Oligosaccharides associated with T1D progression

We performed univariate analysis on the glycan classes enriched in the islet autoimmunity and T1D associated clusters to discern substructure patterns. ACAs against the monosaccharides βGalNAc (#7) and αmannose (#16) were associated with progression to T1D (Supplementary Fig. 9). These are both natural monosaccharides expressed in the human body41. In contrast, ACAs against foreign monosaccharides, such as αrhamnose (#5), and D-rhamnose (#72) were not associated with T1D. Additionally, the ACAs associated with progression are not the most abundant ACAs in circulation, which are αrhamnose (#5), αGlcNAc (#21), and βGlcNAc (#6)13,35.

ACAs against the disaccharides Galβ1,4Glcβ (#15) and Galβ1,4GalNAcβ (#17) were associated with progression to T1D (Supplementary Figure 9). In contrast, ACAs against the disaccharides Galβ1,3GlcNAcβ (#18) and Galβ1,3GalNAcα (#27) were not associated with islet autoimmunity or progression.

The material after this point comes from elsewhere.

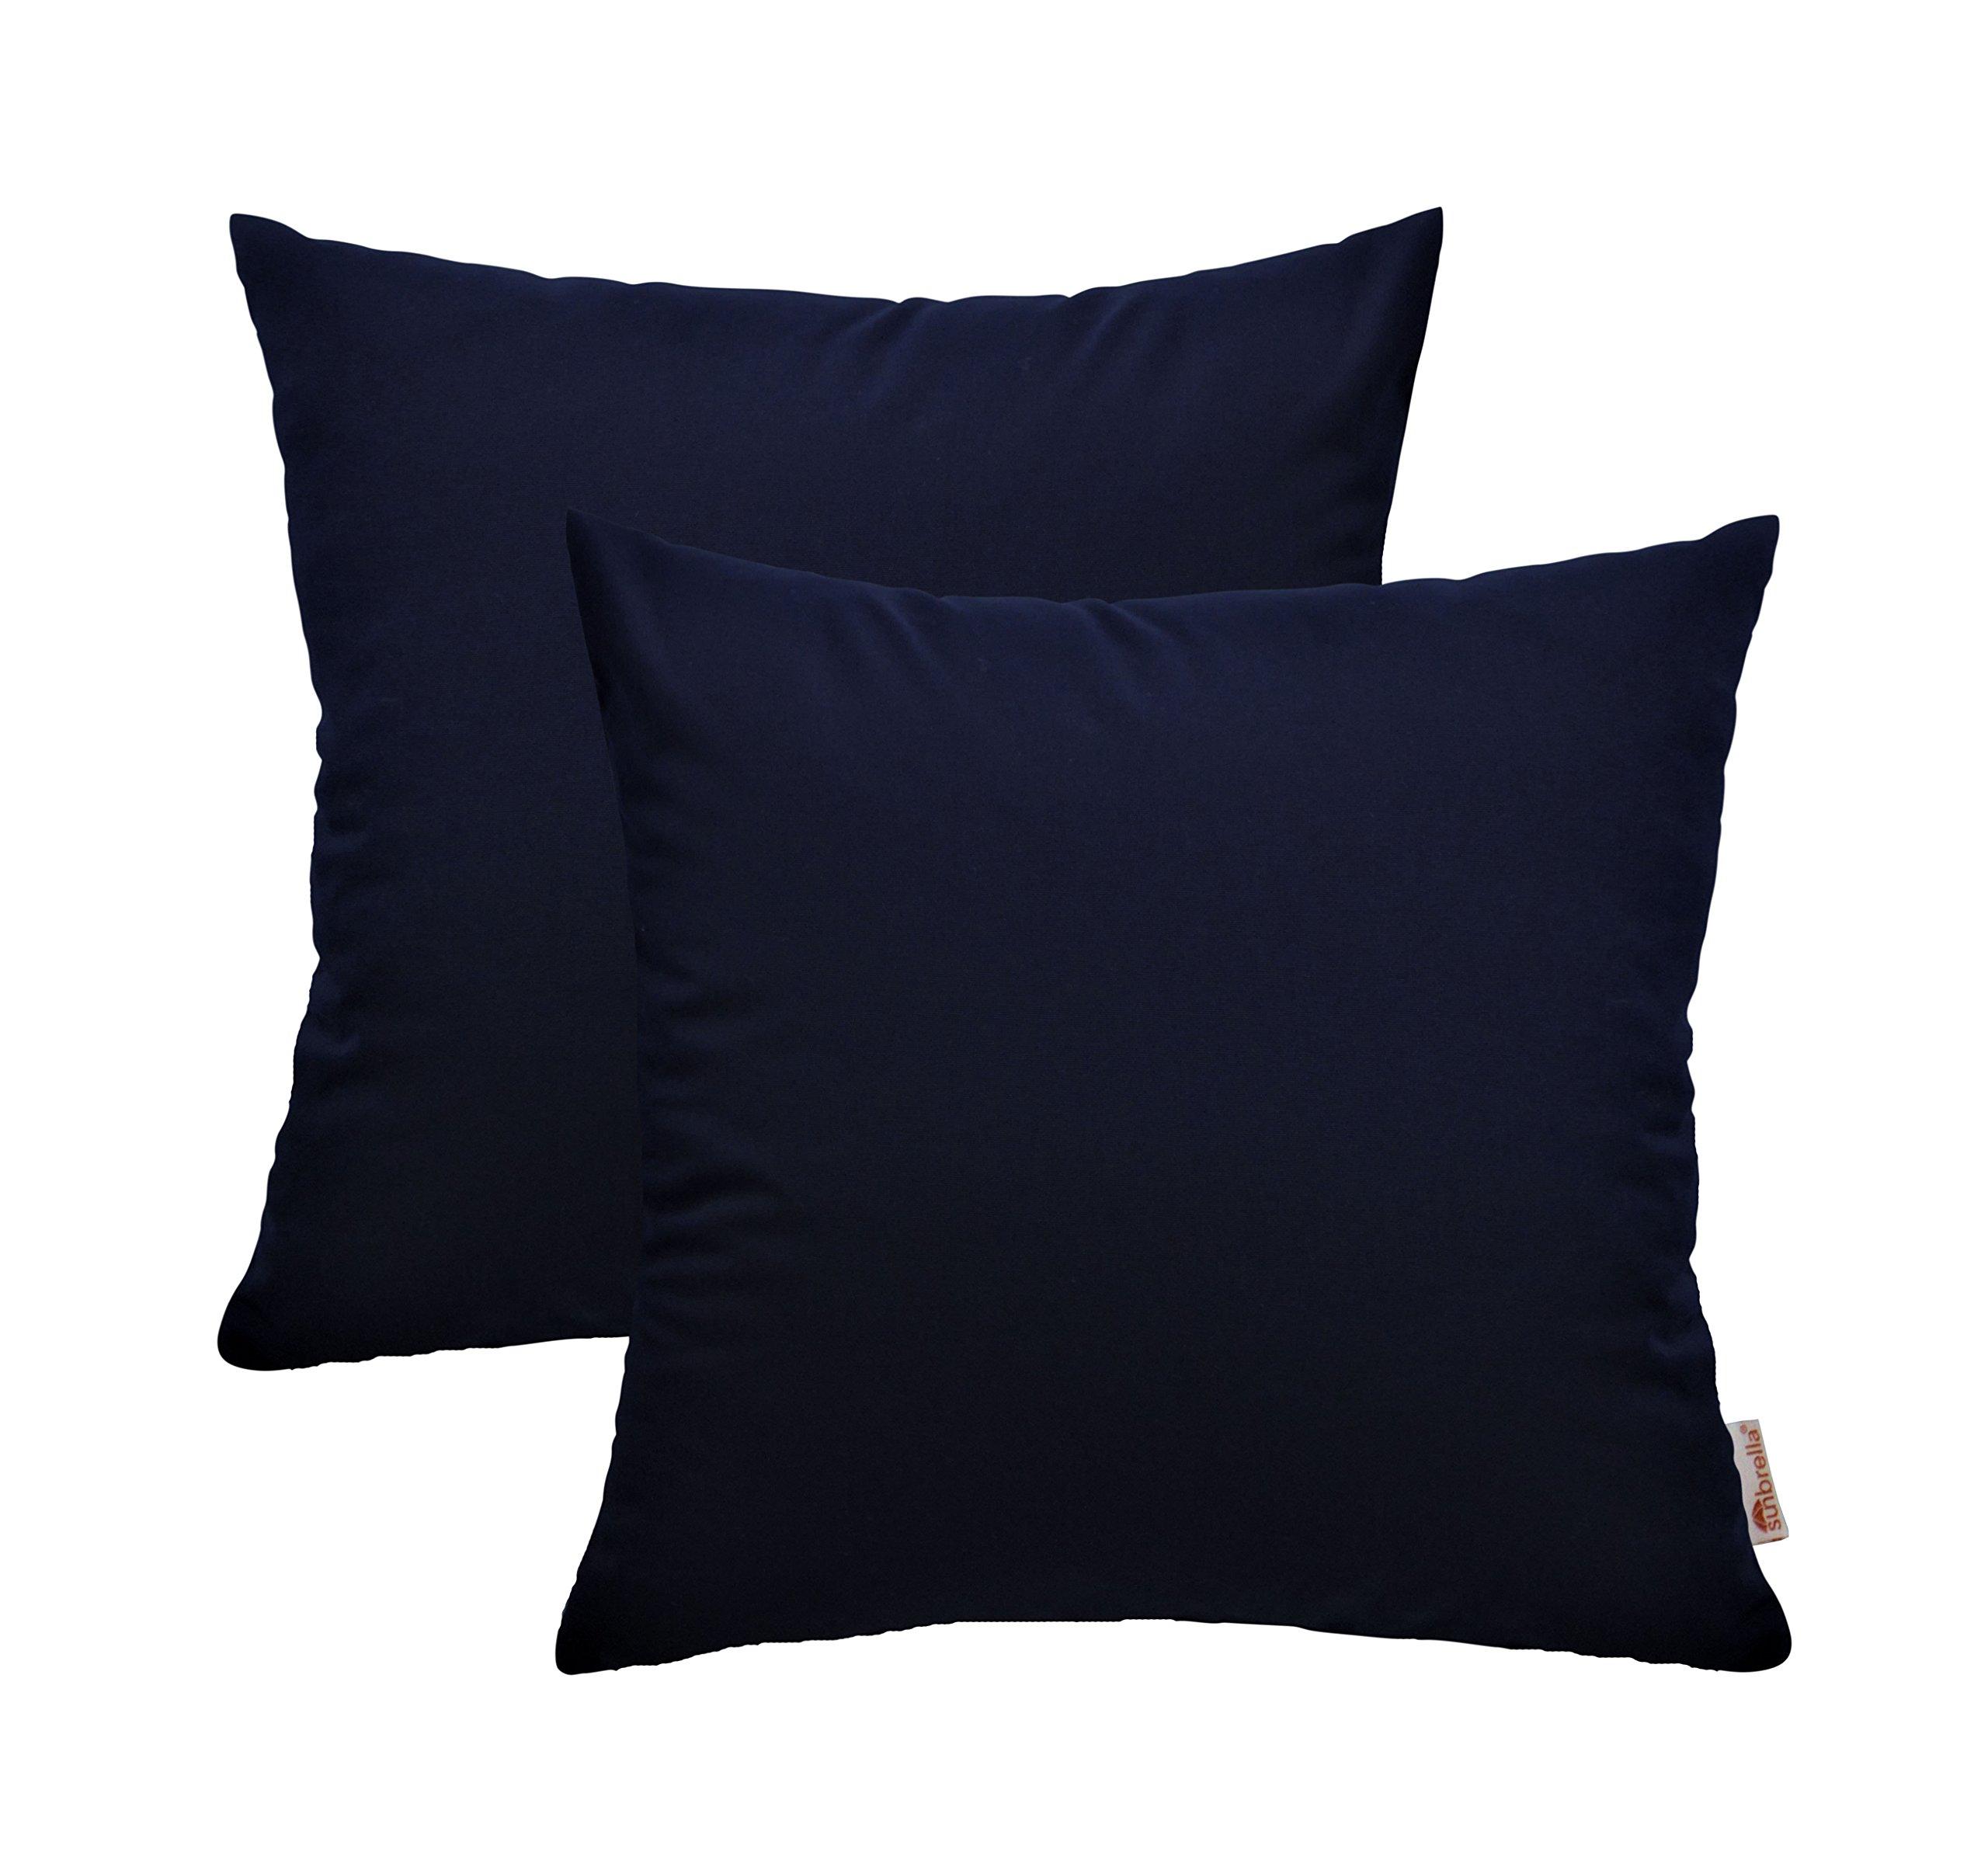 RSH Décor Set of 2 Indoor/Outdoor Decorative Throw Pillows Sunbrella Navy Blue - 20'' x 20''
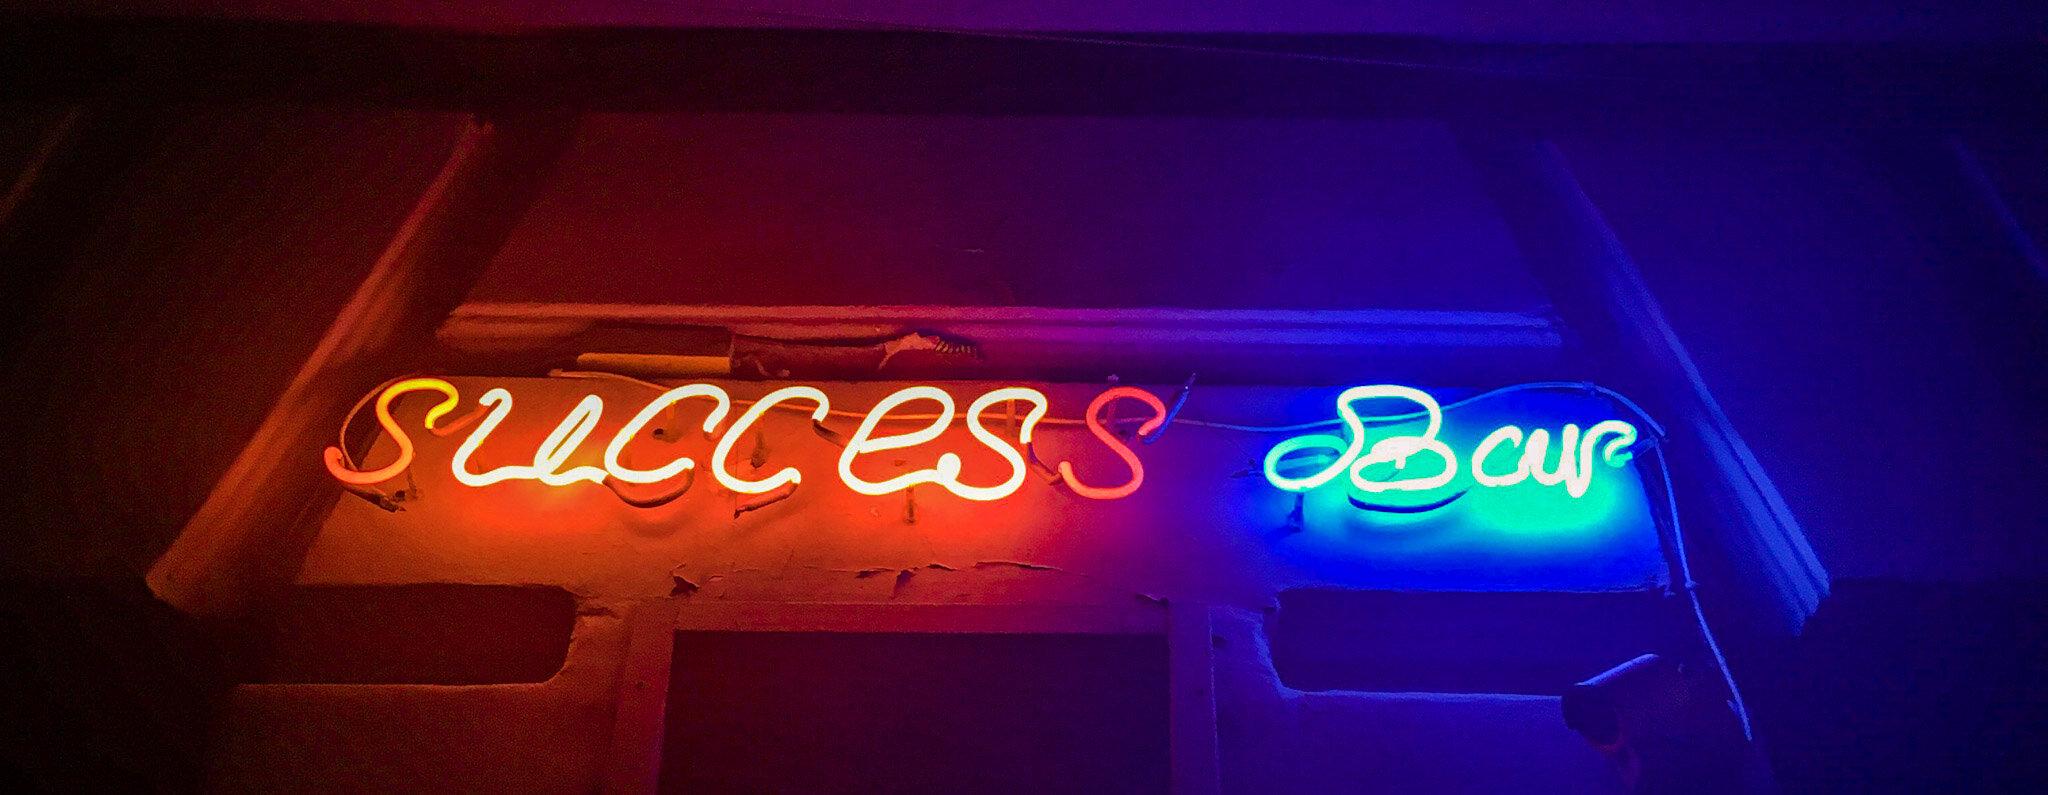 tbilisi-success-gay-bar.jpg

This suggests that the β1,4 Gal linkage may be associated with T1D progression compared to the β1,3 Gal linkage.

ACAs against the trisaccharides Galα1,3Gal-β1,4Glcβ (#21) and GlcNAcβ1,3Galβ1,4Glcβ (#28) were associated with progression to T1D (Supplementary Fig. 9). However, there are no consistent structural differences between these two glycans and the remaining four glycans in the trisaccharide group.

Blood group antigens associated with islet autoimmunity and T1D

Of the five blood group A antigens assessed, ACAs against two glycans (#125,127) were associated with both islet autoimmunity and T1D progression (Fig. 3). Of the five blood group B antigens assessed, only ACAs against #131 were associated with islet autoimmunity and T1D progression.

Glycolipids associated with T1D progression

ACAs against the glycolipids Neu5Acα2,3Galβ1,3GlcNAcβ (#22), Neu5Gcα2,6Galβ 1,3GlcNAcβ (#25), and Neu5Gcα2,6,Galβ1,4Glcβ (#31) were associated with T1D progression. ACAs against the six remaining glycolipids were not associated with islet autoimmunity or T1D progression (Fig. 3).

Ganglio- and O-linked glycans in islet autoimmunity and T1D

ACAs against ganglioseries have been reported to be enriched in new-onset T1D patients42,43. We found ACA against one of four GD3 antigens (#107) associated with islet autoimmunity and one of two GD2 antigens (#114) associated with both islet autoimmunity and T1D progression (Fig. 3). ACAs against GM2 (#43, 69, 115) and GT3 antigens (#110, 111) were not associated with islet autoimmunity or T1D.

ACAs against the O-linked glycans GlcNAcβ-O-Ser (#51) were associated with islet autoimmunity and T1D progression while those against Galβ,3GalNAcα-O-Ser (Gal-Tn-Antigen, #52) were associated with T1D progression (Fig. 3).

Aminoglycosides associated with islet autoimmunity

In our ACA data, higher levels of ACA against gentamicin (#98), geneticin (#100), and sisomicin (#102) were detected in individuals persistently positive for islet autoantibodies compared to controls (Fig. 4a). These three aminoglycosides are all derived from the Micromonospora spp44,45 and all three contain the carbohydrate garosamine46, suggesting that the ACAs may target garosamine. By comparison, the remaining four aminoglycosides (#96, #97, #99, #101) profiled are all derived from Streptomyces spp and lack the glycoside garosamine in their structure. The density distribution of the median fluorescence intensity for ACAs against gentamicin shows a bimodal distribution with 5.3% of individuals in the higher MFI peak (Supplementary Fig. 10). This is similar to the rate of gentamicin administration for suspected neonatal sepsis47.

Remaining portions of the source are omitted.